Kim went on to say, "Our mission is to assist patients who don't have many or any pharmaceutical alternatives, and it’s an empowering challenge to craft cutting-edge solutions for rare illnesses. This is a path Takeda, as a hematology pioneer, has been following for over seven decades. We are now elated to increase our commitment to the rare disease populace by introducing ADZYNMA, the first FDA-sanctioned medicinal choice for those battling cTTP."

Spero R. Cataland, M.D., an internal medicine professor at Wexner Medical Center at The Ohio State University, weighed in, stating, "Over the past several decades, substantial strides have been made in comprehending the association between ADAMTS13 shortage and cTTP. This has finally led us to a period where we have an FDA-validated treatment option for individuals living with this uncommon condition.”

"ADZYNMA gives patients a supplement for their deficient ADAMTS13 enzyme while offering a commendable effectiveness and safety pattern. It also necessitates less time and volume for administration in contrast to the existing plasma-powered therapies.

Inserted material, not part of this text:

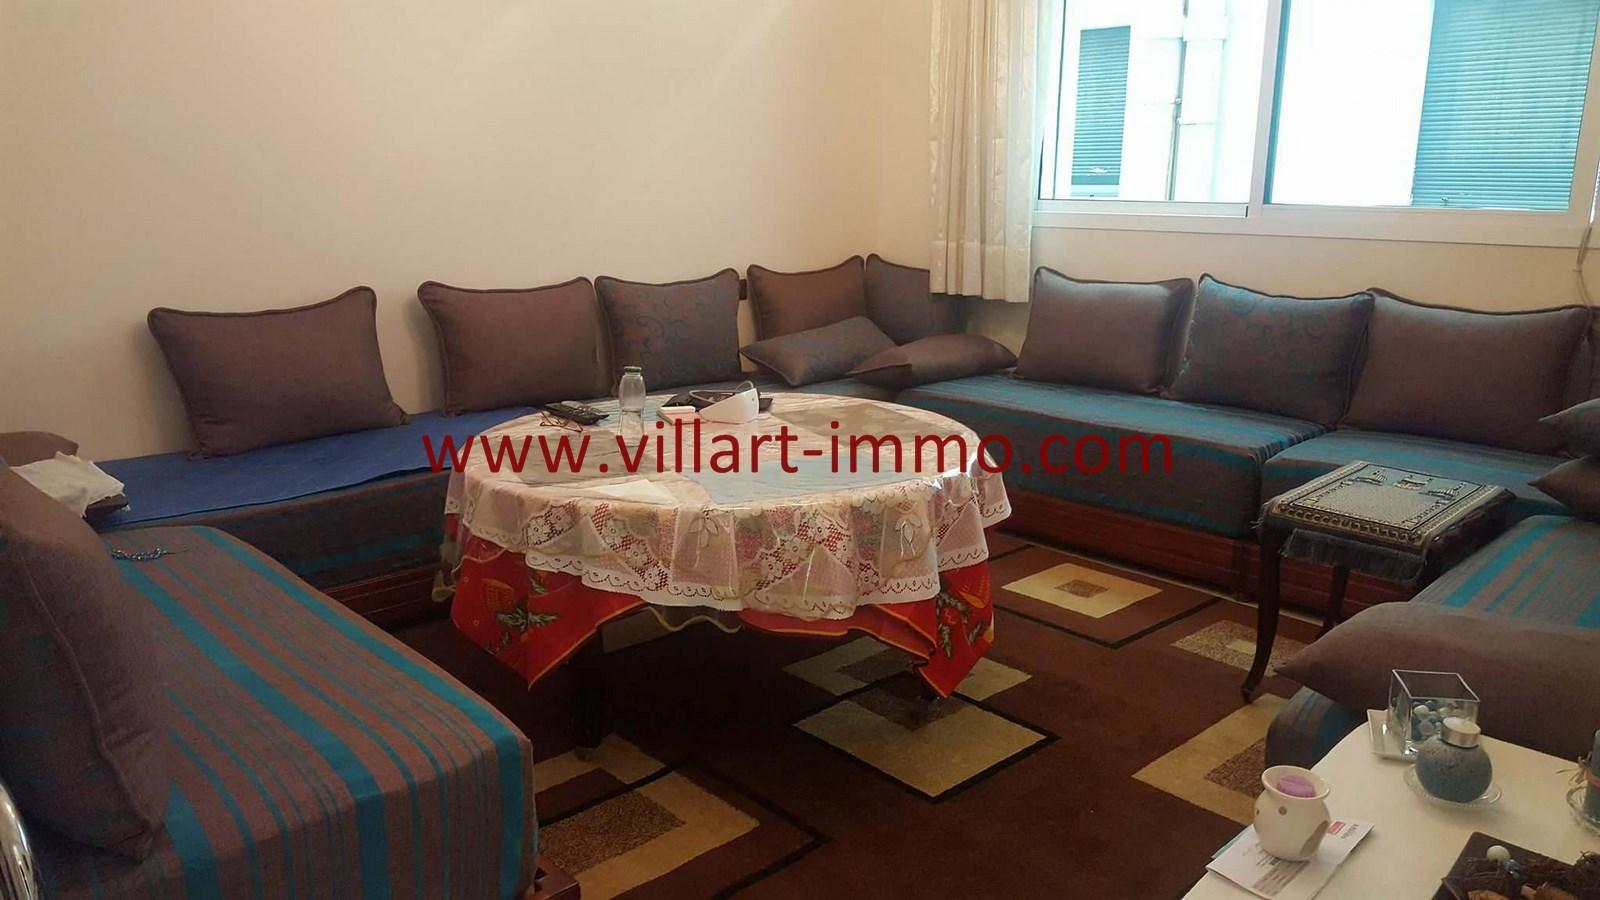 8-Vente-Appartement-Centre-ville-Tanger-Chambre 3-VA531-Villart Immo

This day signifies a great accomplishment, opening up new avenues for the cTTP patient community," added Cataland.

FDA's endorsement of ADZYNMA was a result of holistic evidence based on the review of Phase 3 trial's data on efficacy, pharmacokinetics, safety, and tolerability, and the follow-up study of cTTP.

In the stage 3 clinical trial, patients were given a 40 IU/kg dosage of ADZYNMA IV or a plasma-based therapy biweekly or weekly based on the protocol they were initially registered under for the first six months. They then proceeded to an alternative therapy for the next six months, and all patients were subjected to ADZYNMA for the concluding six months.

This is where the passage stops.